Device-measured physical activity, adiposity and mortality: a harmonised meta-analysis of eight prospective cohort studies
  1. Jakob Tarp1,
  2. Morten W Fagerland1,
  3. Knut Eirik Dalene1,
  4. Jostein Steene Johannessen1,
  5. Bjørge H Hansen1,2,
  6. Barbara J Jefferis3,
  7. Peter H Whincup4,
  8. Keith M Diaz5,
  9. Steven Hooker6,
  10. Virginia J Howard7,
  11. Ariel Chernofsky8,
  12. Martin G Larson8,
  13. Nicole L Spartano9,
  14. Ramachandran S Vasan10,
  15. Ing-Mari Dohrn11,
  16. Maria Hagströmer11,12,
  17. Charlotte Edwardson13,14,
  18. Thomas Yates13,14,
  19. Eric J Shiroma15,
  20. Paddy C Dempsey16,17,
  21. Katrien Wijndaele16,
  22. Sigmund A Anderssen1,
  23. I-Min Lee18,19,
  24. Ulf Ekelund1,20
  1. 1 Department of Sports Medicine, Norwegian School of Sports Sciences, Oslo, Norway
  2. 2 Department of Sport Science and Physical Education, University of Agder, Kristiansand, Norway
  3. 3 Primary Care and Population Health, University College London, London, UK
  4. 4 Population Health Research Institute, St George's University of London, London, UK
  5. 5 Department of Medicine, Center for Behavioral Cardiovascular Health, Columbia University Medical Center, New York, New York, USA
  6. 6 College of Health and Human Services, San Diego State University, San Diego, California, USA
  7. 7 Department of Epidemiology, School of Public Health, University of Alabama at Birmingham, Birmingham, Alabama, USA
  8. 8 Department of Biostatistics, Boston University School of Public Health, Boston, Massachusetts, USA
  9. 9 Department of Endocrinology, Diabetes, Nutrition and Weight Management, Boston University School of Medicine, Boston, Massachusetts, USA
  10. 10 Departments of Medicine and Epidemiology, Boston University School of Medicine and Boston University School of Public Health, Boston, Massachusetts, USA
  11. 11 Department of Neurobiology, Care Sciences and Society, Karolinska Institutet, Stockholm, Sweden
  12. 12 Academic Primary Health Care Centre, Region Stockholm, Stockholm, Sweden
  13. 13 Diabetes Research Centre, College of Life Sciences, University of Leicester, Leicester, UK
  14. 14 NIHR Leicester Biomedical Research Centre, University Hospitals of Leicester NHS Trust, Leicester, UK
  15. 15 Laboratory of Epidemiology and Population Sciences, National Institute on Aging, Bethesda, Maryland, USA
  16. 16 MRC Epidemiology Unit, University of Cambridge, Cambridge, UK
  17. 17 Physical Activity and Behavioural Epidemiology Laboratories, Baker Heart and Diabetes Institute, Melbourne, Victoria, Australia
  18. 18 Department of Epidemiology, Harvard T H Chan School of Public Health, Boston, Massachusetts, USA
  19. 19 Department of Medicine, Brigham and Women’s Hospital and Harvard Medical School, Boston, Massachusetts, USA
  20. 20 Department of Chronic Diseases and Ageing, Norwegian Institute of Public Health, Oslo, Norway
  1. Correspondence to Dr Jakob Tarp, Department of Sports Medicine, Norwegian School of Sports Sciences, Oslo 0806, Norway; jtarp{at}clin.au.dk

Abstract

Background The joint associations of total and intensity-specific physical activity with obesity in relation to all-cause mortality risk are unclear.

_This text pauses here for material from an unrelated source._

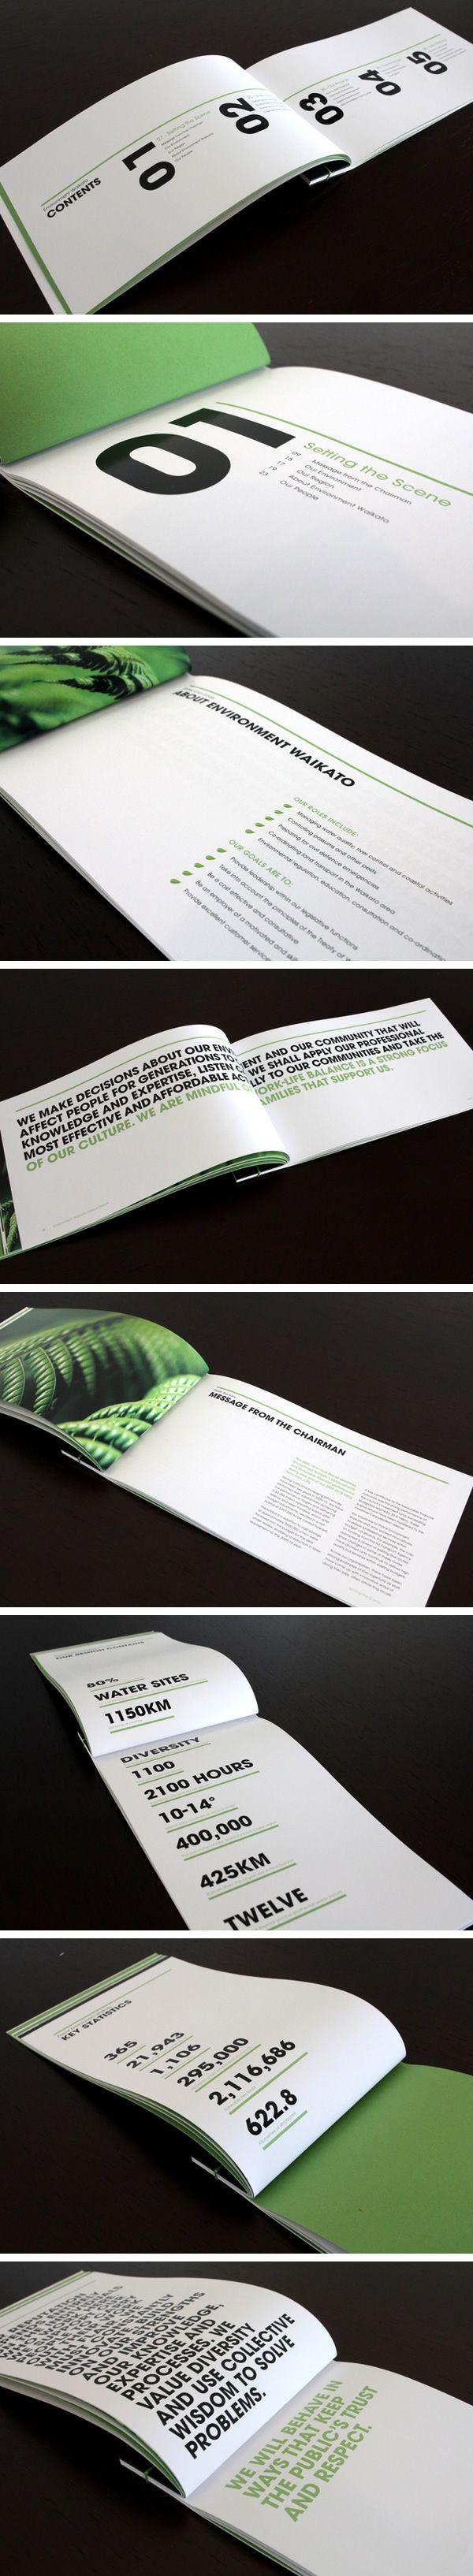 raewyn brandon   environment waikato annual report
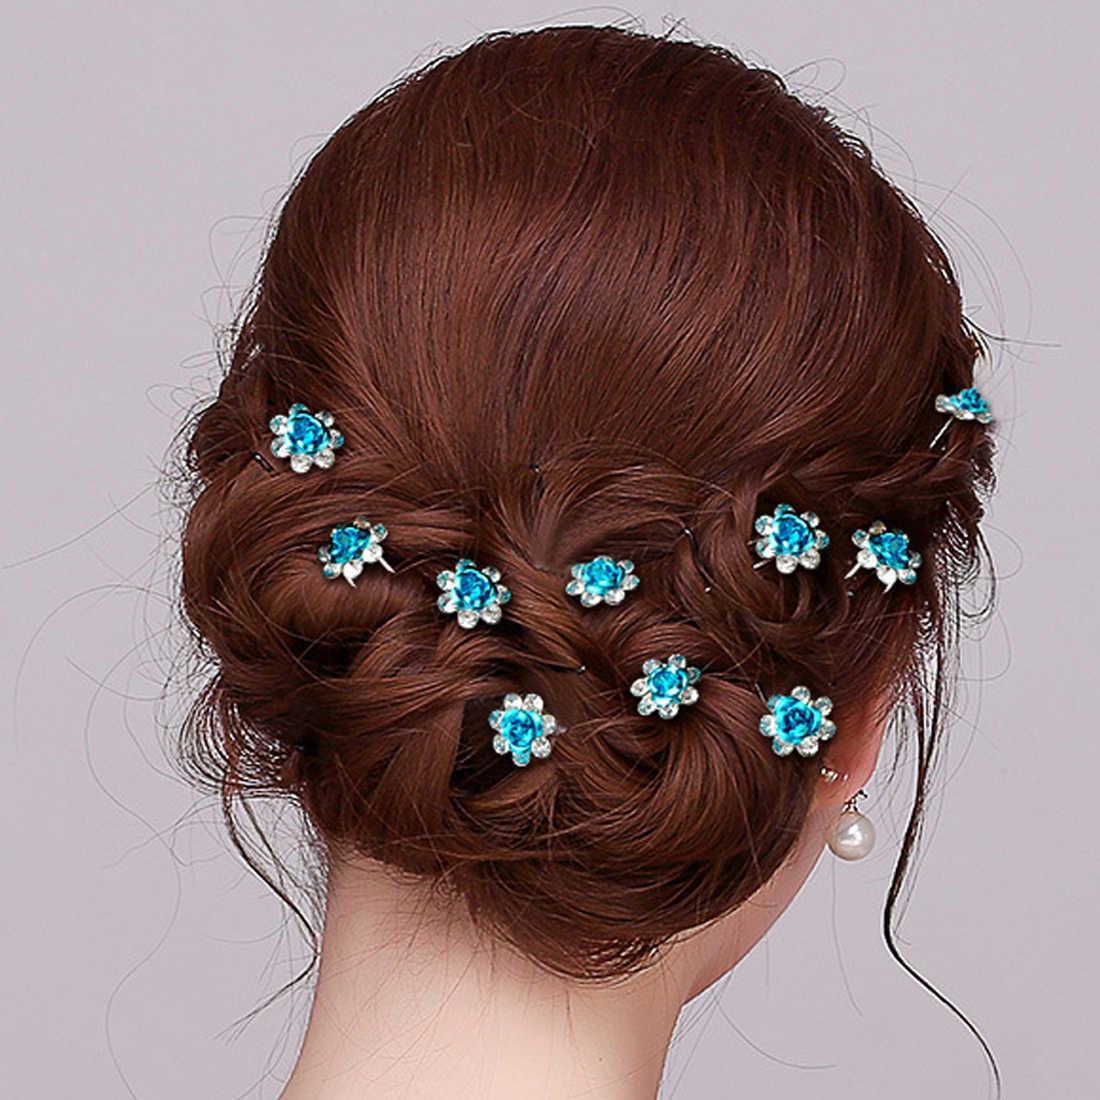 Bunga baru Naik Jepit Rambut Klip 1 Pcs Wanita Bridal Pernikahan Kristal Diamante Barrettes Tongkat Rambut Braider Styling Alat Aksesoris

Methods We included 34 492 adults (72% women, median age 62.1 years, 2034 deaths during follow-up) in a harmonised meta-analysis of eight population-based prospective cohort studies with mean follow-up ranging from 6.0 to 14.5 years. Standard body mass index categories were cross-classified with sample tertiles of device-measured total, light-to-vigorous and moderate-to-vigorous physical activity and sedentary time. In five cohorts with waist circumference available, high and low waist circumference was combined with tertiles of moderate-to-vigorous physical activity.

Results There was an inverse dose–response relationship between higher levels of total and intensity-specific physical activity and mortality risk in those who were normal weight and overweight. In individuals with obesity, the inverse dose–response relationship was only observed for total physical activity. Similarly, lower levels of sedentary time were associated with lower mortality risk in normal weight and overweight individuals but there was no association between sedentary time and risk of mortality in those who were obese. Compared with the obese-low total physical activity reference, the HRs were 0.59 (95% CI 0.44 to 0.79) for normal weight-high total activity and 0.67 (95% CI 0.48 to 0.94) for obese-high total activity. In contrast, normal weight-low total physical activity was associated with a higher risk of mortality compared with the obese-low total physical activity reference (1.28; 95% CI 0.99 to 1.67).

Conclusions Higher levels of physical activity were associated with lower risk of mortality irrespective of weight status. Compared with obesity-low physical activity, there was no survival benefit of being normal weight if physical activity levels were low.

  • exercise
  • body mass index
  • observational study

Data availability statement

Data ara available on reasonable request. The study-specific summary data included in the meta-analyses can be obtained from the corresponding authors; jtarp@clin.au.dk.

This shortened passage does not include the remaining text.